С помощью наводящих вопросов, то и дело запинаясь, она начала свое сбивчивое повествование. И когда дошла до последнего видения, с ужасом поняла, что не помнит почти ничего, и описала увиденное кое-как, в нескольких торопливых словах.
– Так, с тобой действительно говорила Нуат. То есть не говорила. И она ничего тебе не дала.
– Но это последнее видение… Оно было радостным… но я почти ничего не могу вспомнить… Вроде бы солнце, и как будто женщина…
– Это идет не от Нуат. Нуат не знает солнца. Ее дети слепы. Это идет от тебя, когда ты стала сопротивляться ее чарам. Ведь после этого видения ты услышала меня.
– Да.
– Это очень странно, что Нуат ничего не дала тебе. Просто непонятно. Ей трудно противостоять, но она не оставляет без ответа, если тянет к себе.
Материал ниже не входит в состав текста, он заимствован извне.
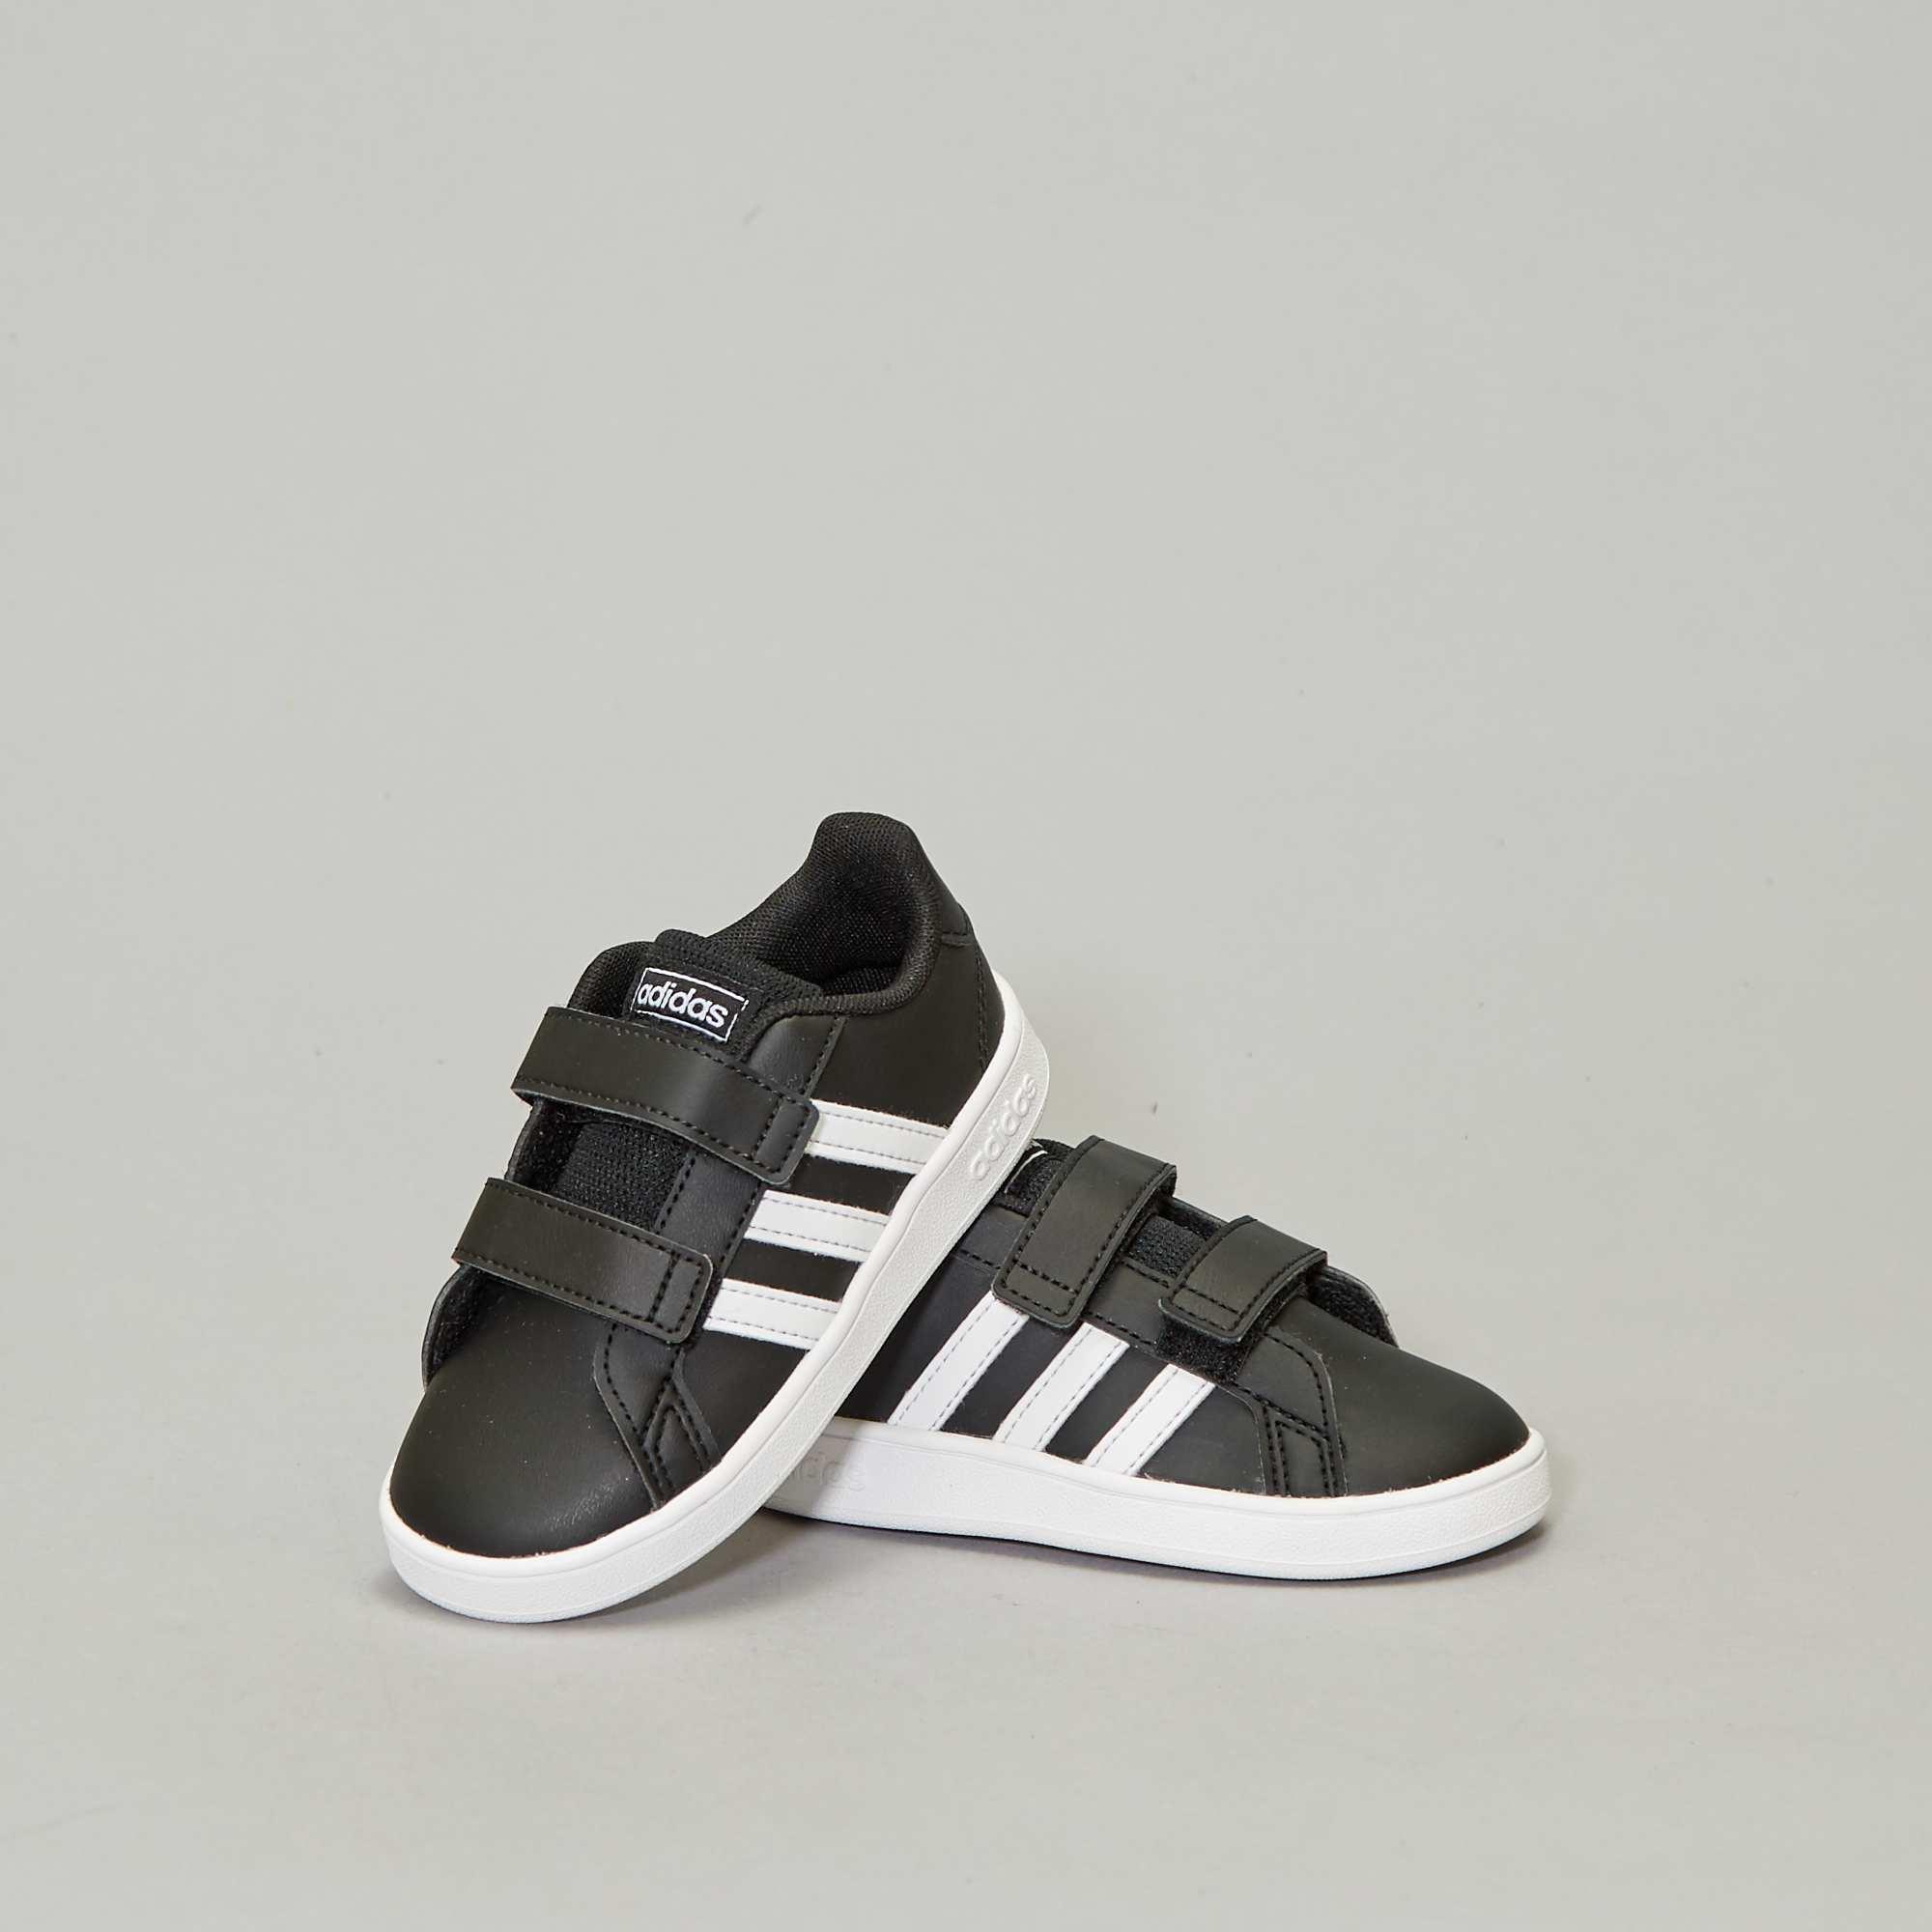 d5d6bcc1c5 Zapatillas 'Adidas Grand Court I' Chico - NEGRO - Kiabi - 30,00€
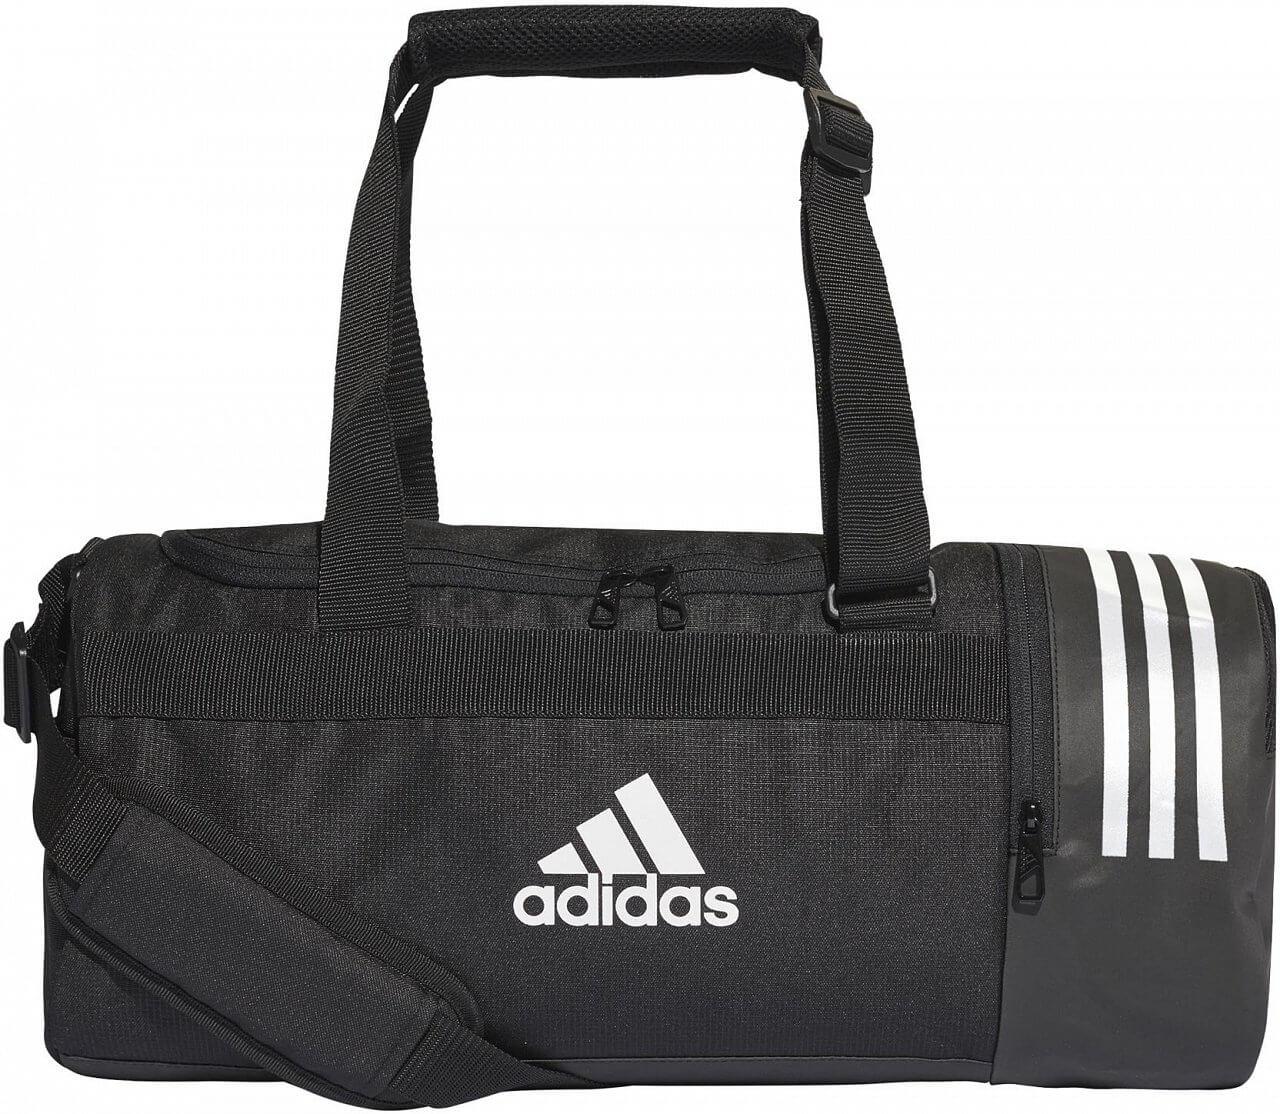 Sportovní taška adidas Convertible 3 Stripes Duffel Bag S

Непонятно. И она не может показать солнца. Она его не знает. Я говорил с Силой. И она тоже ничего мне не сказала. Обрывки чего-то. Тени. Ничего явственного. Единственный вывод, который я могу из всего этого сделать…
– … Зло Беатрикс, Безликое Зло, сделавшее ее своим инструментом, пришло не из земли, или с неба, или откуда-либо из иных стихий. Оно вообще не из нашего мира. А потому я могу сказать лишь, что требуются огромные силы, чтобы вытеснить его отсюда. – Бело-золотистое мерцание столы Посвященного и его властный голос не оставили места для сомнений и колебаний. Печаль проступала на внимательных лицах Этарет, заполняла зрачки. – Да, нужны огромные силы и огромное знание, знание неба и земли, огня и воды, чтобы совладать с врагом, который неназываем, потому что у него нет имени, и неузнаваем, потому что у него нет признаков. Сосудом своих замыслов он избрал человека, и по этому следу мы его разыщем. И я, Великий Посвященный, носитель той Силы, чья власть превыше неба и прениже недр земных, принимаю решение – я еду в Этар. Там живут те, кто не ведает времени, ведя счет только по новым знаниям, и достиг неведомых нам высот. Тогда лицом к лицу мы встанем со стихиями и сведем их властью Силы в единый необоримый вихрь. Все тяжи мира должны быть упрочены – лишь наша вера, верность и стойкость способны тут помочь. Верую, что мы избавим мир от Безликого Зла и Сила пребудет над нами, как раньше. Я сказал.
Все встали. Песнь заполнила зал. Созвучия возносились к потолку и вибрирующими потоками уходили сквозь камни, чтобы влиться в Сферу Силы. Это была Песнь Верности, от которой чист и ясен становится разум и успокаивается душа. Песнь закончилась. В звенящей тишине вдруг звякнул близкий колокол: прислугу созывала на молитву часовня людского Бога, Бога воров и нищих, Бога с испитым длинным ликом и собачьими неподвижными глазами, которого называли Вседержителем.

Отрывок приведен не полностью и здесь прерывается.